Simaomicin α (1) is a polycyclic xanthone natural product with remarkable biological properties. It was isolated by scientists from American Cyanamid Company from the culture broth of an actinomycete, and its structure and relative stereochemistry were established by NMR spectroscopy and X-ray crystallography.[1] Simaomicin α originally garnered attention for its ability to prevent coccidiosis infection in chickens that were fed meal containing 1 mg drug/kg feed. The isolation group noted that it was ‘the most potent natural-occurring anticoccidial agent reported.’[2] Fifteen years after its structure and anti-parasitic activity was reported, Tomoda and co-workers revealed that simaomicin α had little effect on Jurkat cells as a single agent at low concentration (0.6 nM), but that it synergized with the DNA-damaging agent bleomycin. Thus, while bleomycin caused G2-arrest, the combination of bleomycin and simaomicin α was cytotoxic against this T lymphocyte cell line. Provocatively, even much higher concentrations of simaomicin α (500 nM) had little effect on a normal HUVEC cell line. The molecular underpinnings for these effects are unknown, but the checkpoint regulators Chk1, Chk2, ATM, ATR and Wee1 are not inhibited. [3] The natural product was found to suppress phosphorylation of retinoblastoma protein,[4] but a molecular target has not been identified.
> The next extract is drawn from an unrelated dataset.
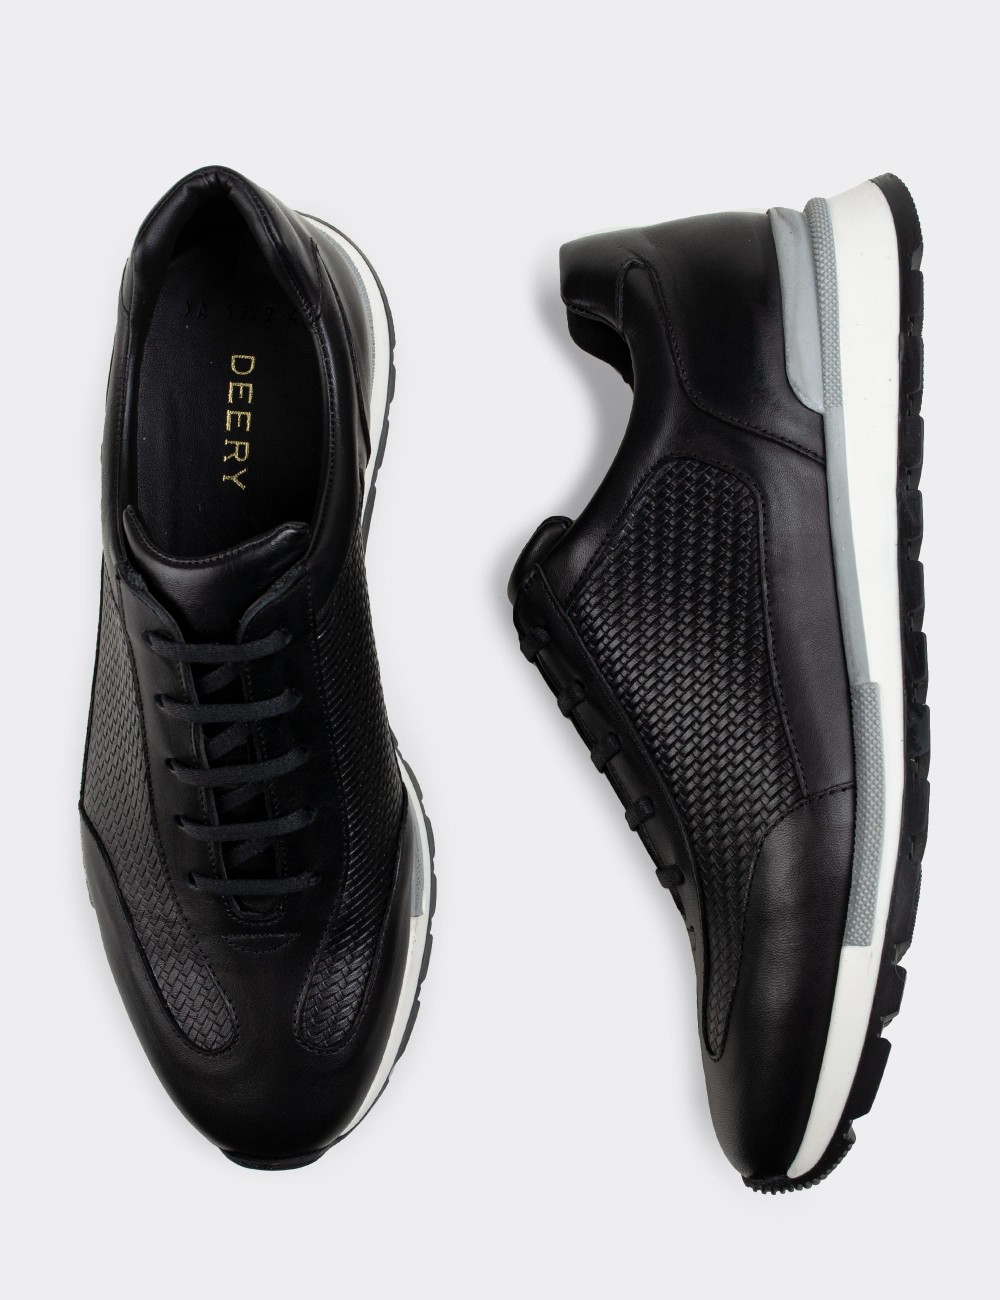 Black  Leather Sneakers - 01729MSYHT02

The therapeutic implication of these observations is that co-administration of a DNA-damaging agent with a cell-cycle inhibitor could be more efficacious than treatment with a single agent.
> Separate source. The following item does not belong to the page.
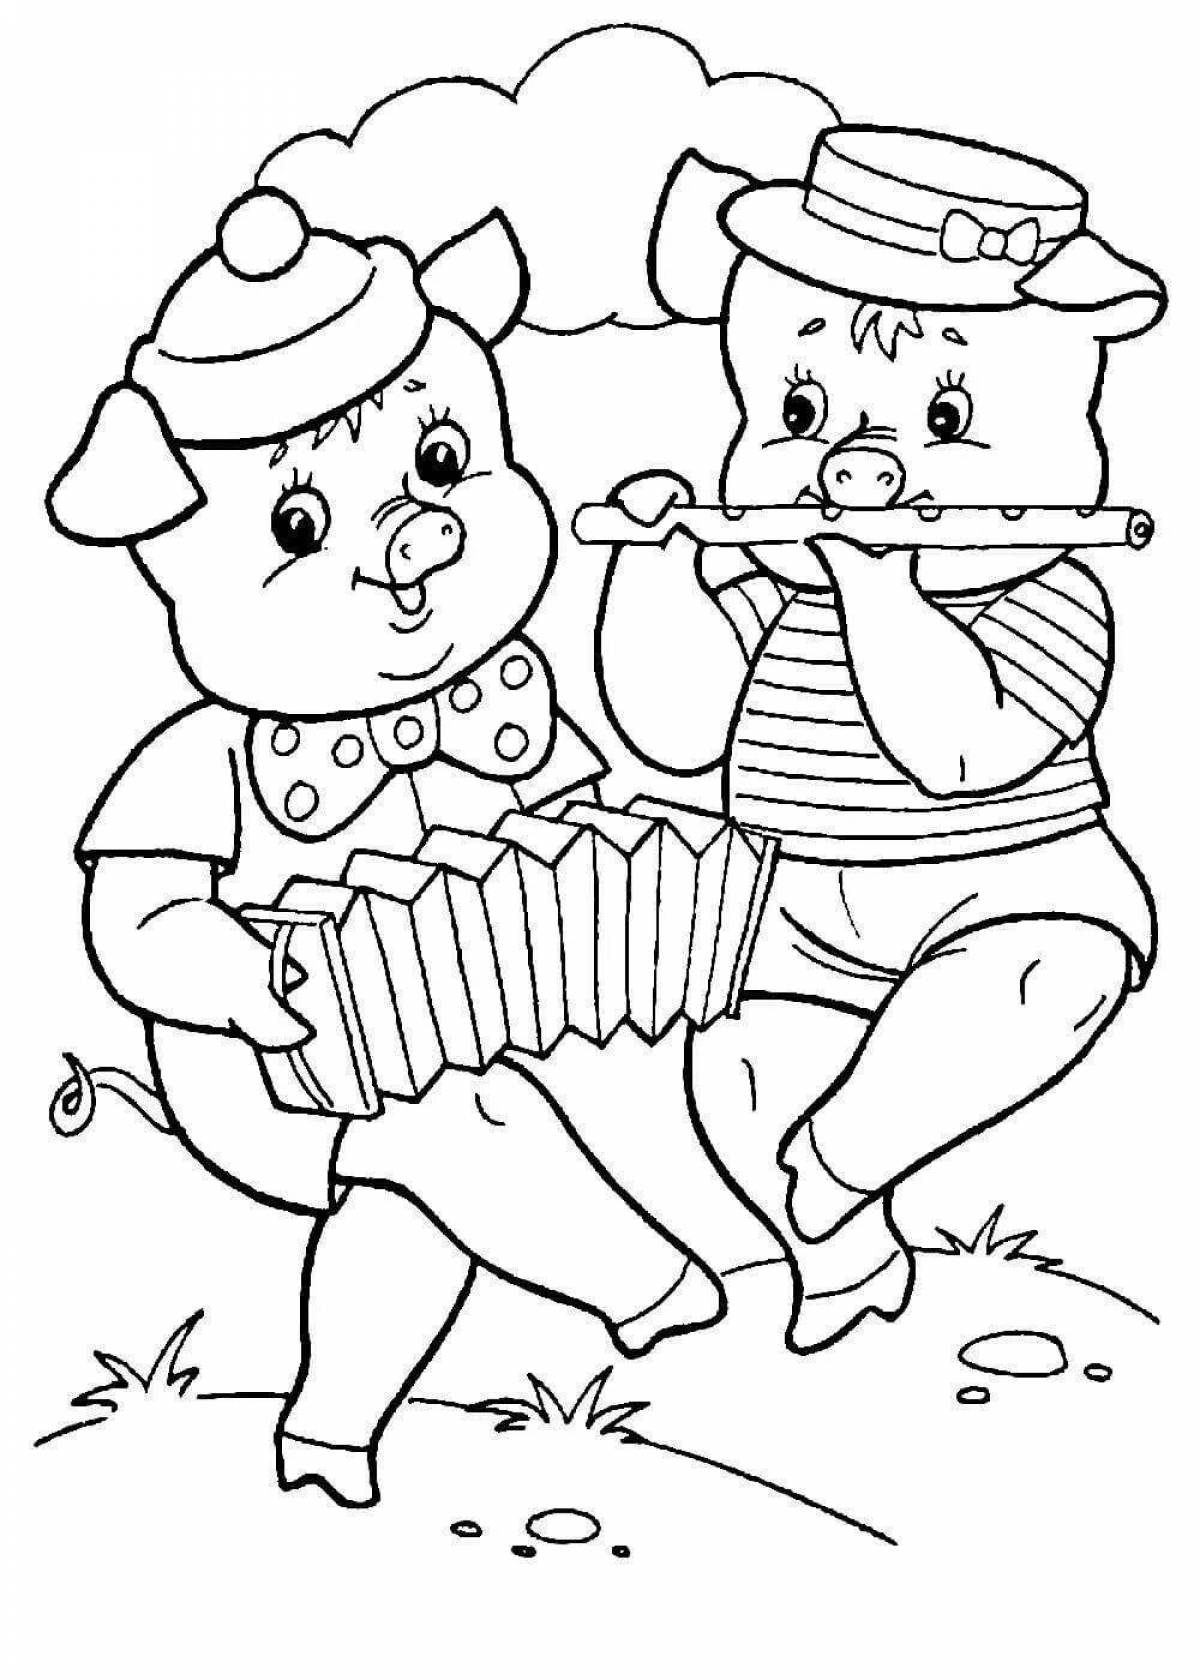 Adorable Three Little Pigs Coloring Book for Preschoolers

Given the potent biological activity and unique structure of simaomicin α, we targeted it for total synthesis.[5] Our work builds on the discoveries from the Kelly group, which reported the first synthesis of a polycyclic xanthone natural product, cervinomycin A2 (Scheme 1, top).[6] Subsequently the Suzuki group disclosed a synthesis of the FD-594 aglycon, [7] and Porco and coworkers[8] and our group [9] independently synthesized kibdelone C. The latter studies were the first to target members of this class that feature a tetrahydroxanthone ring system with its attendant stereogenic centers. In all of these syntheses, formation of the B-D biaryl bond represented a critical synthetic step that allowed assembly of the polycyclic ring system from simpler precursors. Early approaches relied on low-yielding photocyclizations of a diaryl olefin while more recent work has focused on transition metal-promoted couplings. For example, Pd-mediated couplings of an aryl iodide with an aryl C-H bond proved successful for both kibdelone C[9] and FD-594 aglycon, [7] whereas the Porco synthesis introduced a novel Pt-catalyzed addition of a phenol to a quinone mono-acetal[8]. Here we disclose an advance in the synthesis of polycyclic xanthone natural products that involves a Pd-mediated direct dehydrogenative coupling of two unfunctionalized aryl rings to forge the key B-D biaryl linkage. This transformation enabled the enantioselective synthesis of simaomicin α and the assignment of its absolute stereochemistry.
Scheme 1.
Top: polycyclic xanthone natural products. Bottom: convergent synthetic approach to simaomicin α.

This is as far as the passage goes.